_Problem to solve_
Restate each record exactly as it was written.
──────────────────────────────
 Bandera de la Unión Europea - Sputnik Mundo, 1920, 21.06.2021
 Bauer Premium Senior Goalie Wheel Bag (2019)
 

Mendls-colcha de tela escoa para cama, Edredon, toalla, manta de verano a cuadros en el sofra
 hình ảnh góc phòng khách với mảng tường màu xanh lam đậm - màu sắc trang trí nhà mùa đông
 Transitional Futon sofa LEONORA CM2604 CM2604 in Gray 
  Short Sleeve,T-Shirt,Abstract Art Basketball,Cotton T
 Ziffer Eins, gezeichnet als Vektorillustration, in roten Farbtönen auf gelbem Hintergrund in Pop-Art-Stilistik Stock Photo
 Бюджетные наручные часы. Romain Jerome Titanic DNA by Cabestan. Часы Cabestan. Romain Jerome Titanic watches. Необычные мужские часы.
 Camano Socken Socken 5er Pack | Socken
──────────────────────────────
_Solution for this task_
 Bandera de la Unión Europea - Sputnik Mundo, 1920, 21.06.2021
 Bauer Premium Senior Goalie Wheel Bag (2019)
 

Mendls-colcha de tela escoa para cama, Edredon, toalla, manta de verano a cuadros en el sofra
 hình ảnh góc phòng khách với mảng tường màu xanh lam đậm - màu sắc trang trí nhà mùa đông
 Transitional Futon sofa LEONORA CM2604 CM2604 in Gray 
  Short Sleeve,T-Shirt,Abstract Art Basketball,Cotton T
 Ziffer Eins, gezeichnet als Vektorillustration, in roten Farbtönen auf gelbem Hintergrund in Pop-Art-Stilistik Stock Photo
 Бюджетные наручные часы. Romain Jerome Titanic DNA by Cabestan. Часы Cabestan. Romain Jerome Titanic watches. Необычные мужские часы.
 Camano Socken Socken 5er Pack | Socken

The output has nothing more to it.